Work task —
Could you transcribe exactly the lines below, from the line with "thumbnail of Etching" through the line with "US$16.9 Peach 4PCS", and nothing else, leaving out the pictures?

Extracted data —
"""
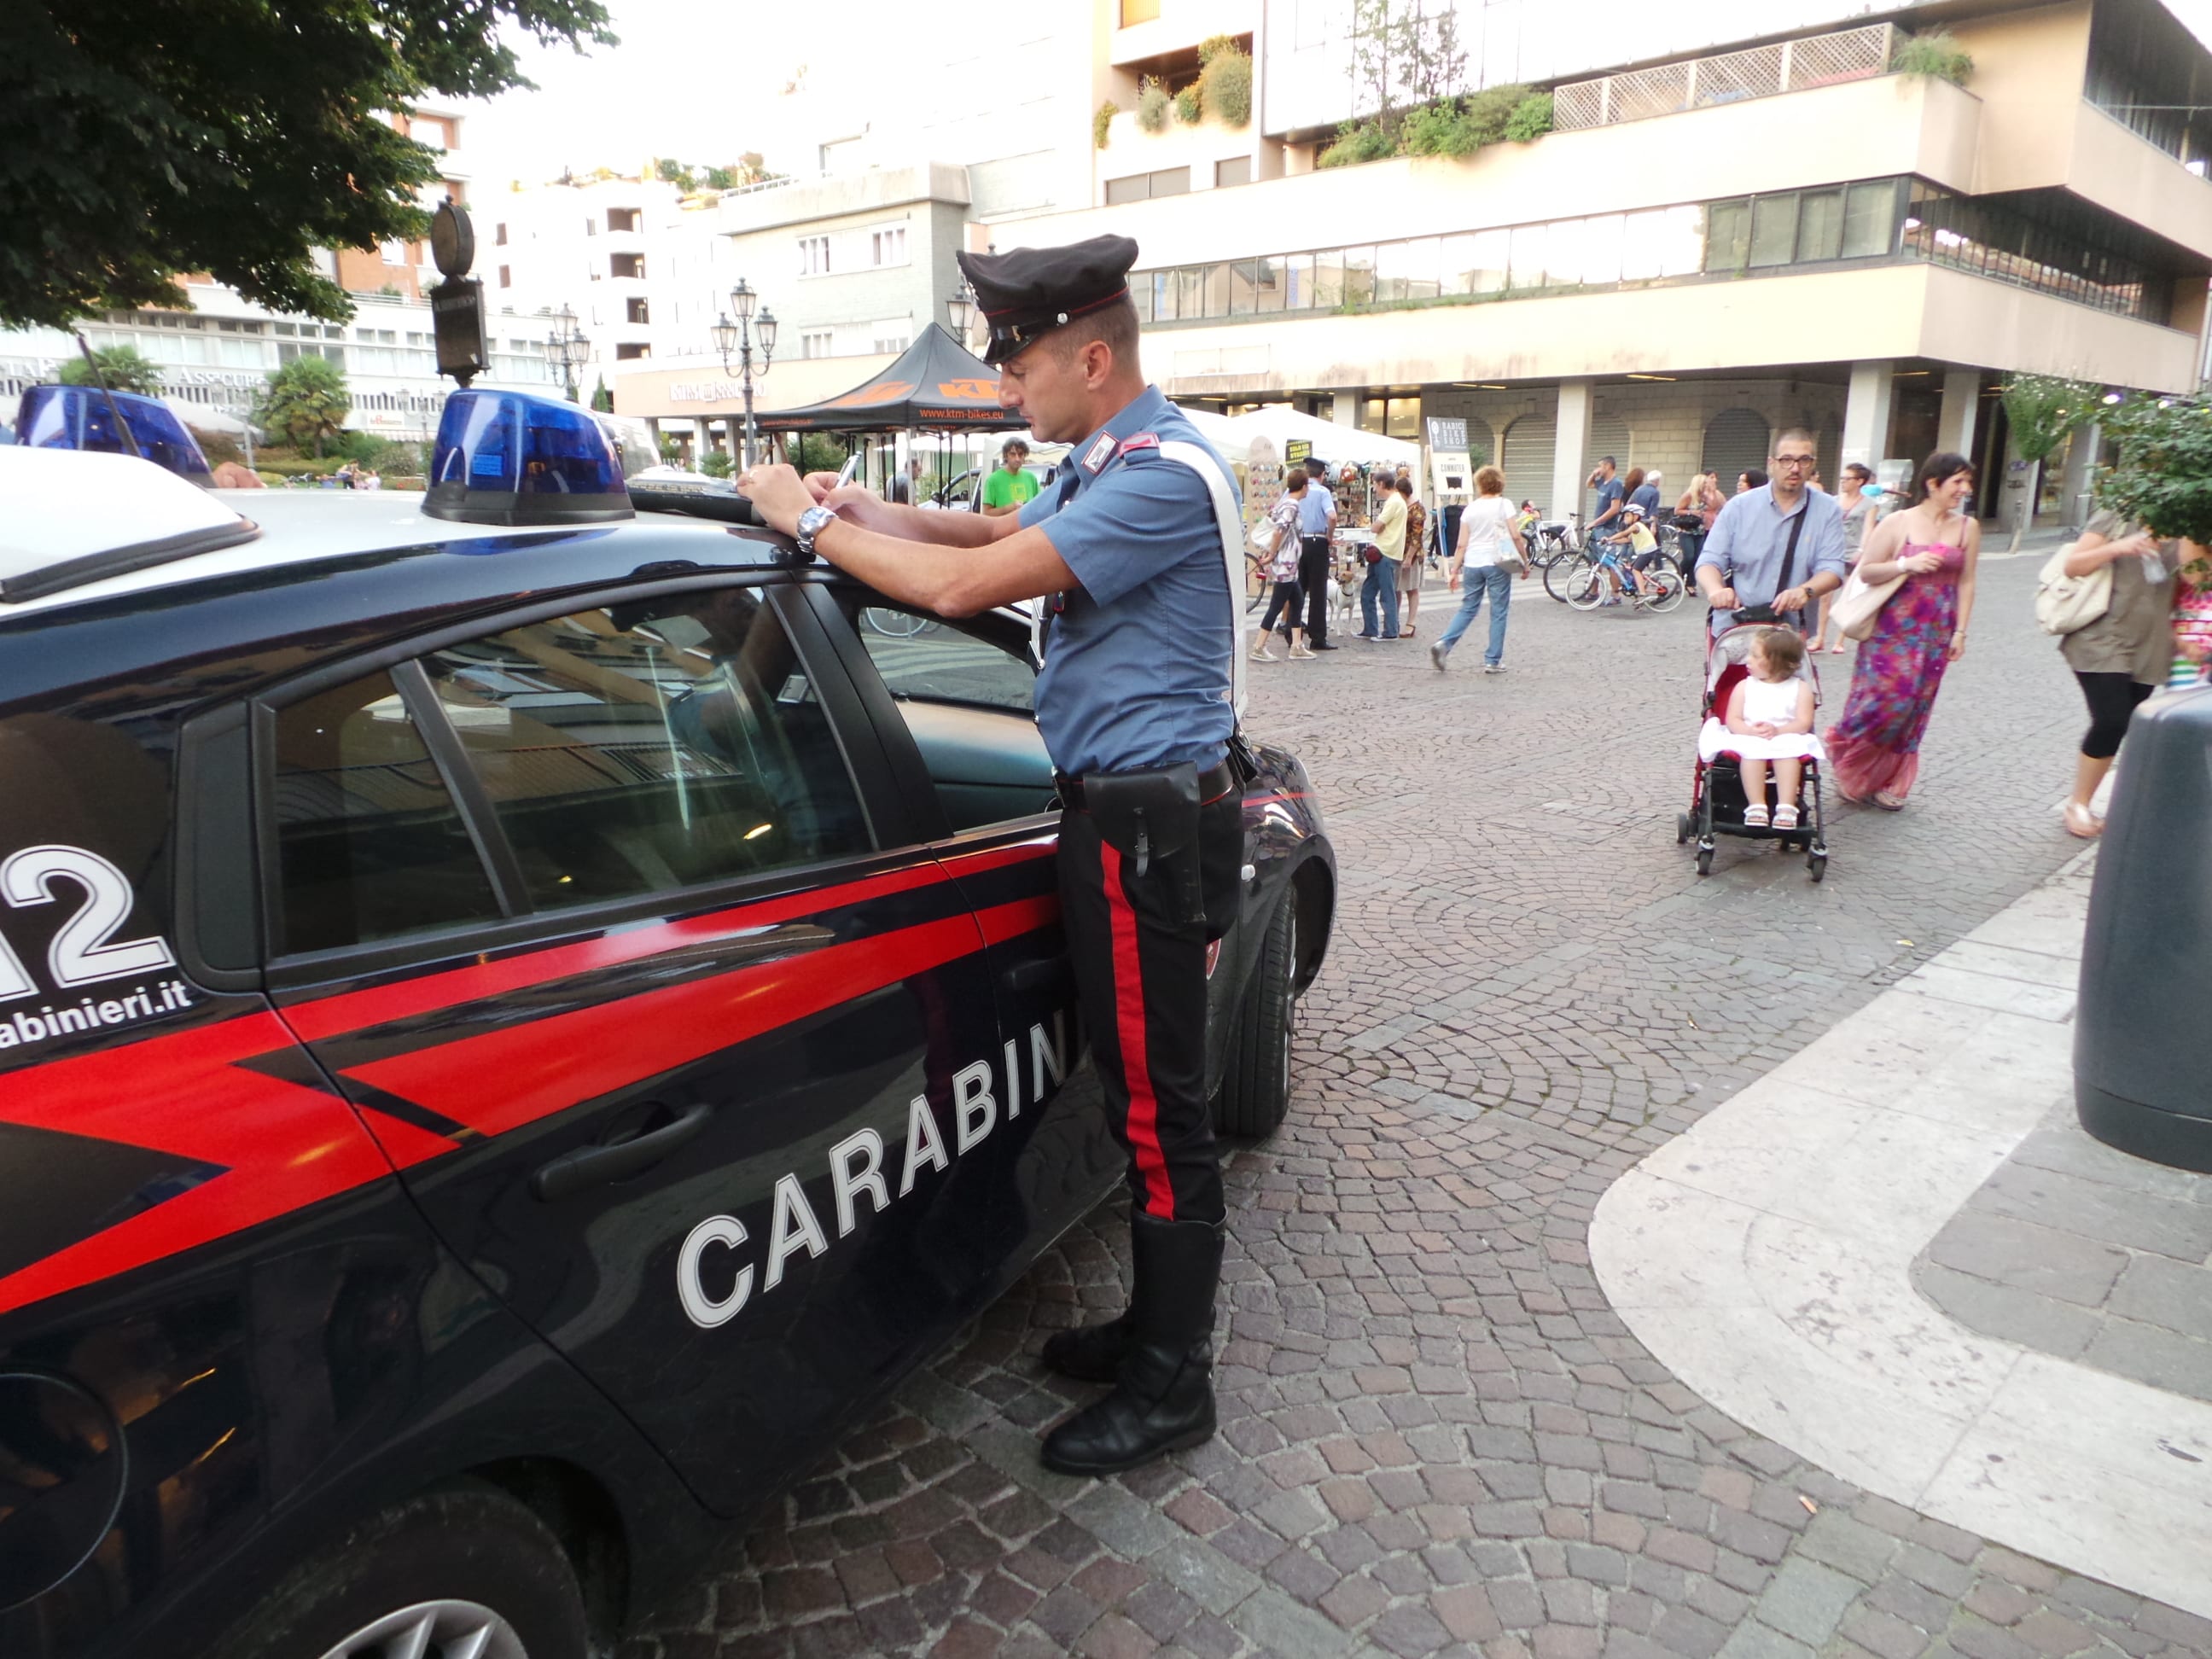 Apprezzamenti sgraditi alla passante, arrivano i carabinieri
"""
"""
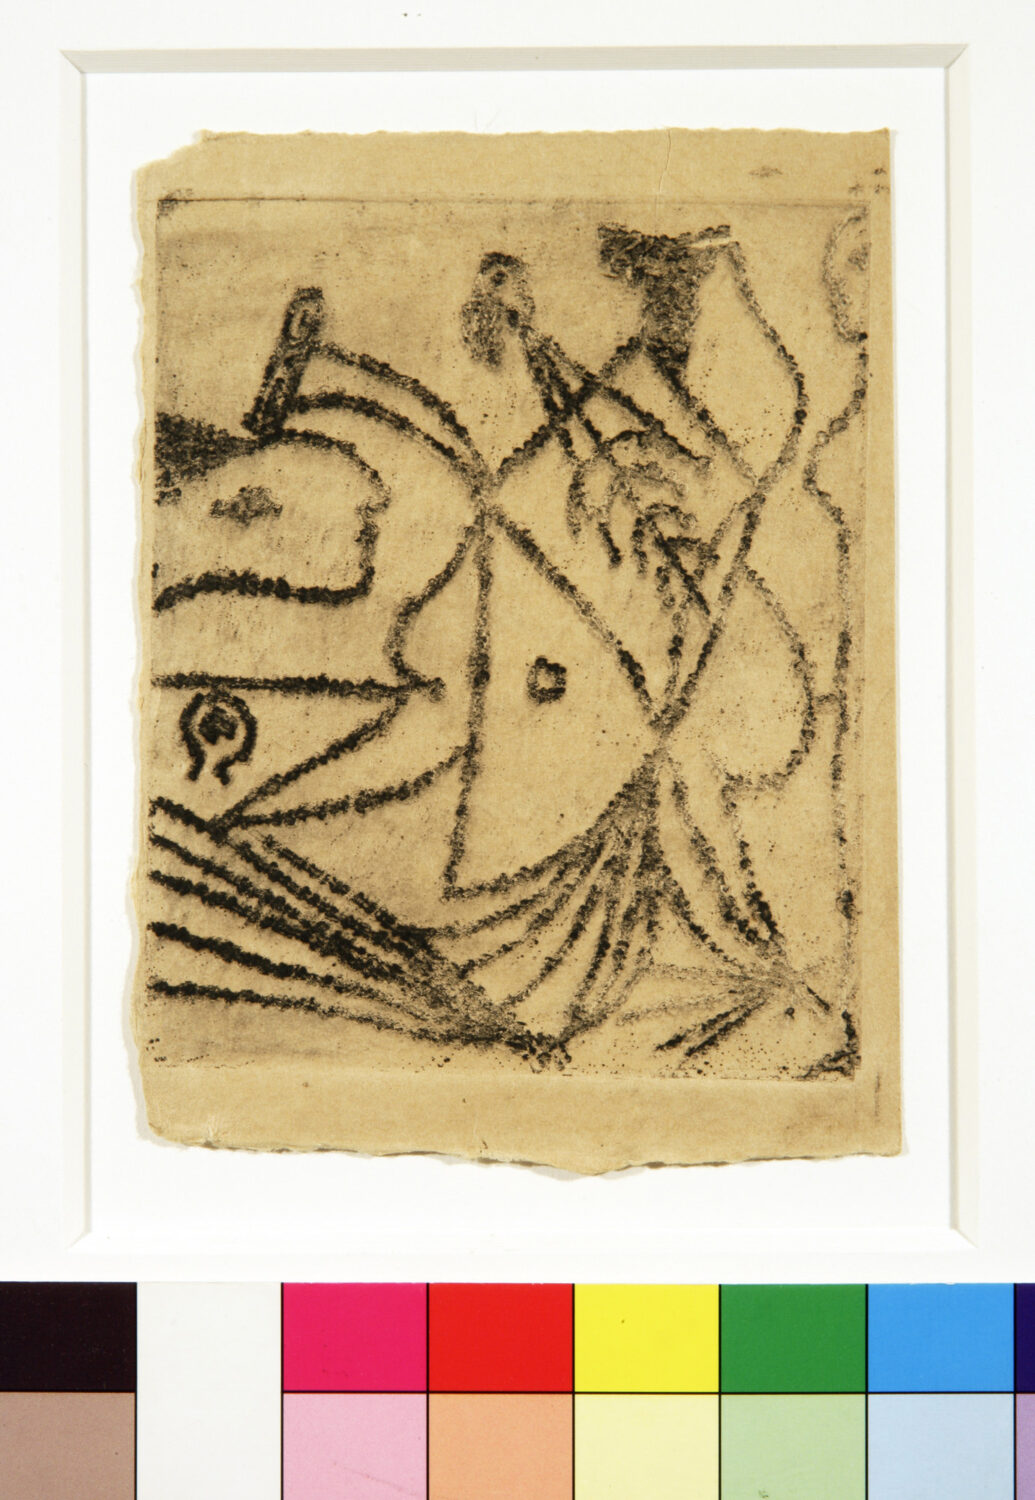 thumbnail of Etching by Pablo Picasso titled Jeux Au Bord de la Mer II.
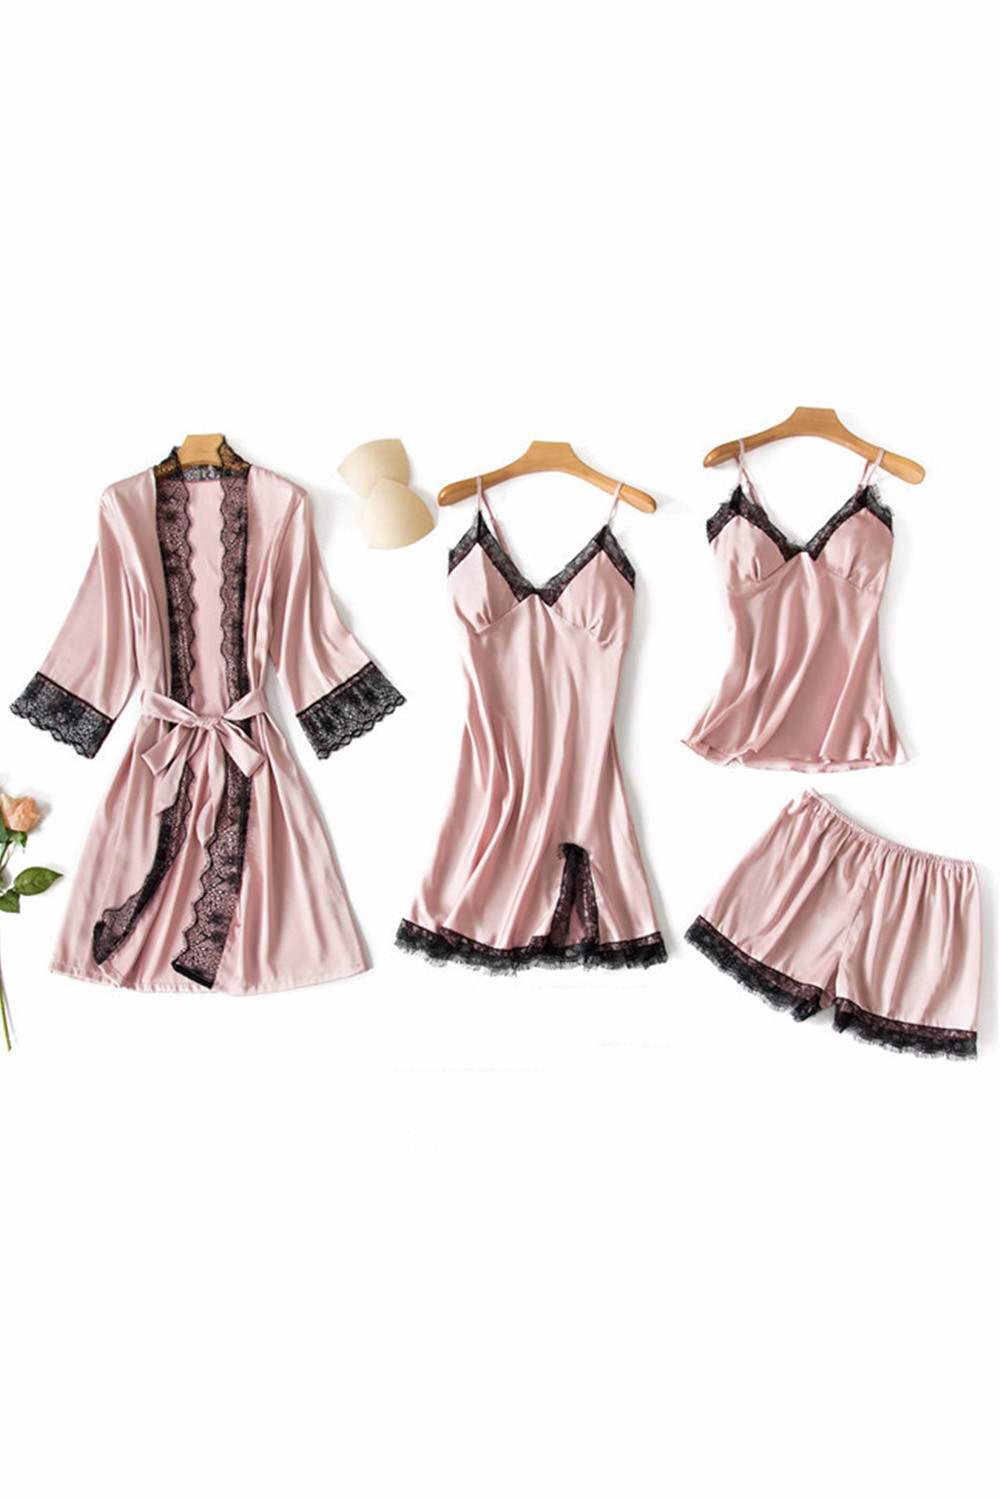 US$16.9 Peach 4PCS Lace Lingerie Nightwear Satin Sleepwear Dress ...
"""
"""
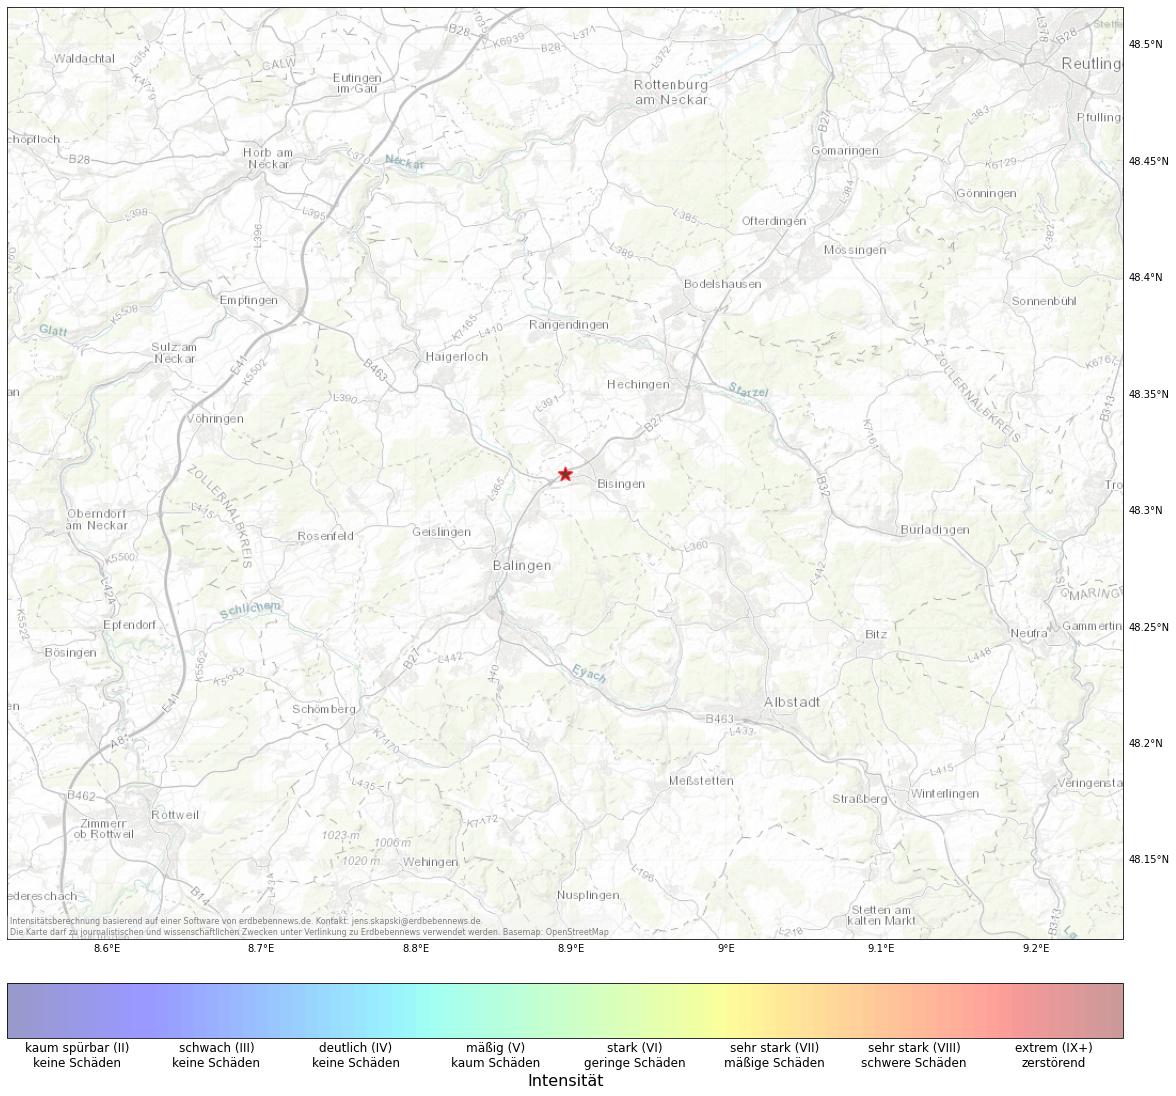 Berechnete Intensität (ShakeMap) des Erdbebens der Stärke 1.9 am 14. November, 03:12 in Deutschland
"""
Answer to the exercise —
 thumbnail of Etching by Pablo Picasso titled Jeux Au Bord de la Mer II.
 US$16.9 Peach 4PCS Lace Lingerie Nightwear Satin Sleepwear Dress ...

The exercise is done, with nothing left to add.